Recent federal budgets during the Trump administration have proposed major reductions to federal Medicaid funding and program structure. For instance, the “One Big Beautiful Bill Act,” enacted in 2025, is predicted to cut more than $1 trillion in federal Medicaid outlays over a decade. These policies—which include added work conditions and higher cost sharing—could lessen both funding and coverage for some enrollees. These changes may require states to absorb greater costs and restrict federal Medicaid spending growth, even while the program serves several million Americans.

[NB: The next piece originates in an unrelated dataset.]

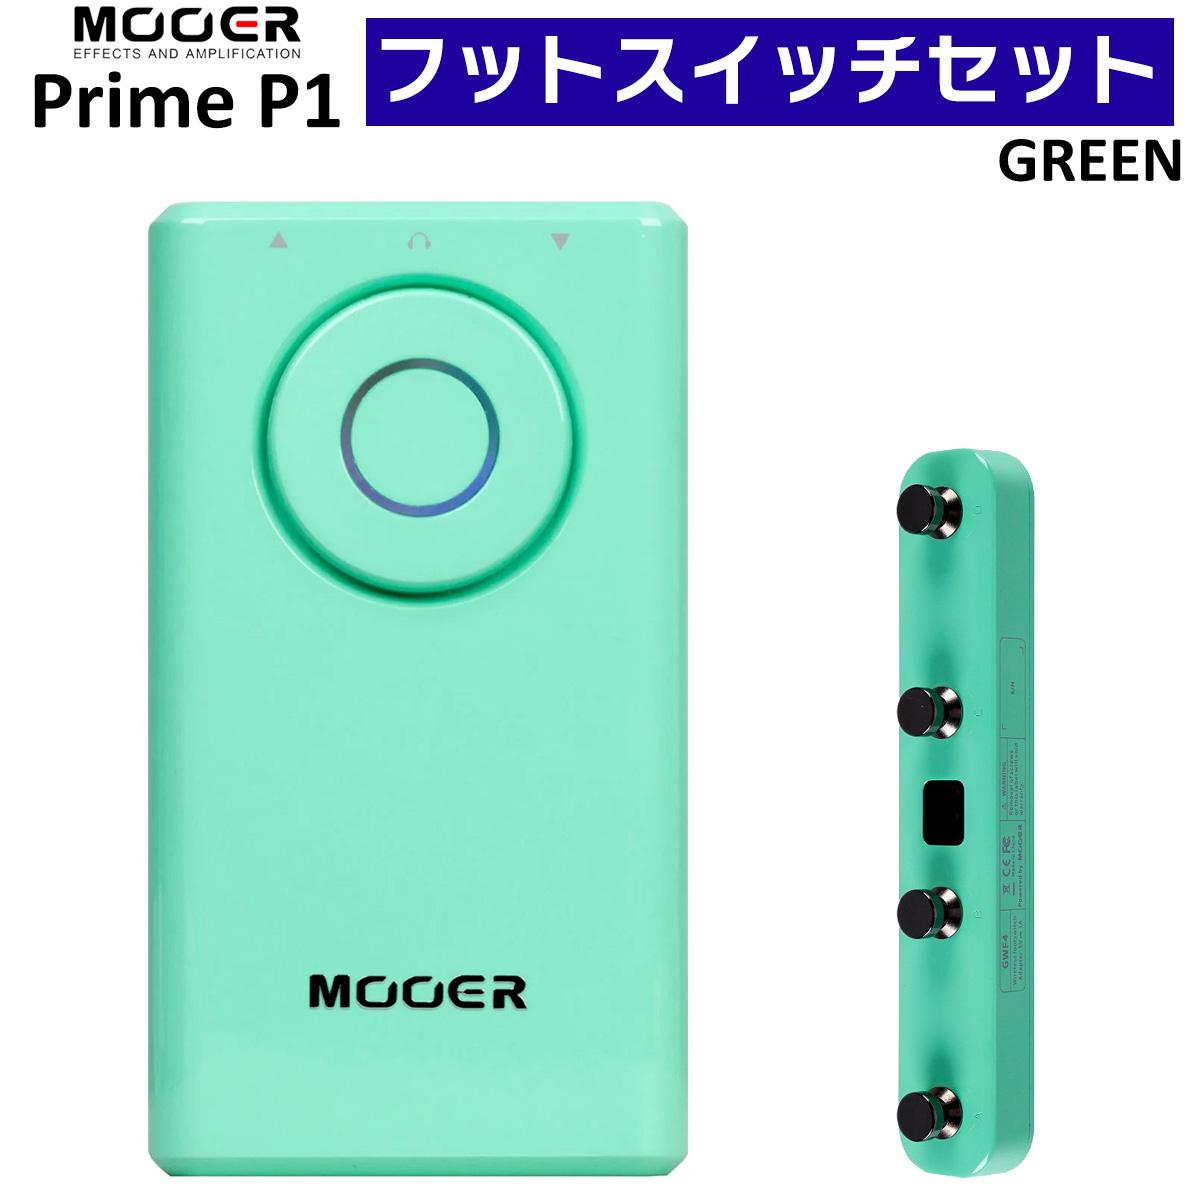 MOOER Prime P1 GREEN + GWF4 フットスイッチセット 超小型マルチ

| Year | Total Medicaid Payments | % Change From Previous Year |
|---|---|---|
| 2020 | $2,354,173 | 0.6% |
| 2021 | $2,614,051 | 11% |
| 2022 | $2,964,312 | 13.4% |
| 2023 | $2,978,131 | 0.5% |
| 2024 | $3,026,227 | 1.6% |
| Rank | Category | Medicaid Payments | Share of City Total |
|---|---|---|---|
| 1 | Alcohol and Drug Abuse Treatment | $8,781,858 | 32.7% |
| 2 | National Codes Established for State Medicaid Agencies | $6,265,127 | 23.3% |
| 3 | Procedures / Professional Services | $3,026,227 | 11.3% |
| 4 | Evaluation and Management | $2,705,803 | 10.1% |
| 5 | Medicine Services and Procedures | $1,426,913 | 5.3% |
| 6 | Temporary National Codes (Non-Medicare) | $1,423,173 | 5.3% |
| 7 | Surgery | $902,243 | 3.4% |
| 8 | Ambulance and Other Transport Services and Supplies | $603,239 | 2.2% |
| 9 | Radiology Procedures | $522,552 | 1.9% |
| 10 | Durable Medical Equipment | $334,257 | 1.2% |
| 11 | Drugs Administered Other than Oral Method | $270,930 | 1% |
| 12 | Dental Services | $256,084 | 1% |
| 13 | Pathology and Laboratory Procedures | $187,966 | 0.7% |
| 14 | Medical And Surgical Supplies | $119,354 | 0.4% |
| 15 | Outpatient PPS | $10,388 | <0.1% |
| 16 | Orthotic Procedures and services | $5,960 | <0.1% |
| 17 | Durable medical equipment (DME) Medicare administrative contractors (MACs) | $5,086 | <0.1% |
| 18 | Temporary Codes | $3,710 | <0.1% |
| 19 | Administrative, Miscellaneous and Investigational | $0 | <0.1% |
| 19 | Vision Services | $0 | <0.1% |
| HCPCS Code | Description | Medicaid Payments | Claims |
|---|---|---|---|
| G0463 | Hospital outpt clinic visit | $2,326,150 | 12 |
| G9012 | Other specified case mgmt | $521,609 | 10 |
| G0299 | Hhs/hospice of rn ea 15 min | $70,917 | 12 |
| G0467 | Fqhc visit, estab pt | $68,766 | 11 |
| G0451 | Devlopment test interpt&rep | $16,224 | 11 |
| G0008 | Admin influenza virus vac | $14,603 | 11 |
| G2067 | Med assist tx meth wk | $5,818 | 4 |
| G0433 | Elisa hiv-1/hiv-2 screen | $937 | 7 |
| G0108 | Diab manage trn per indiv | $935 | 3 |
| G0378 | Hospital observation per hr | $125 | 10 |
| G2211 | Complex e/m visit add on | $114 | 6 |
| G0283 | Elec stim other than wound | $24 | 1 |
Note: HCPCS codes are provided for context within the category. Totals and rankings here are based on standardized groupings rather than individual billing codes to avoid duplication.
Data for this article comes from the U.S. Department of Health and Human Services Medicaid Provider Spending database. The original source is available here.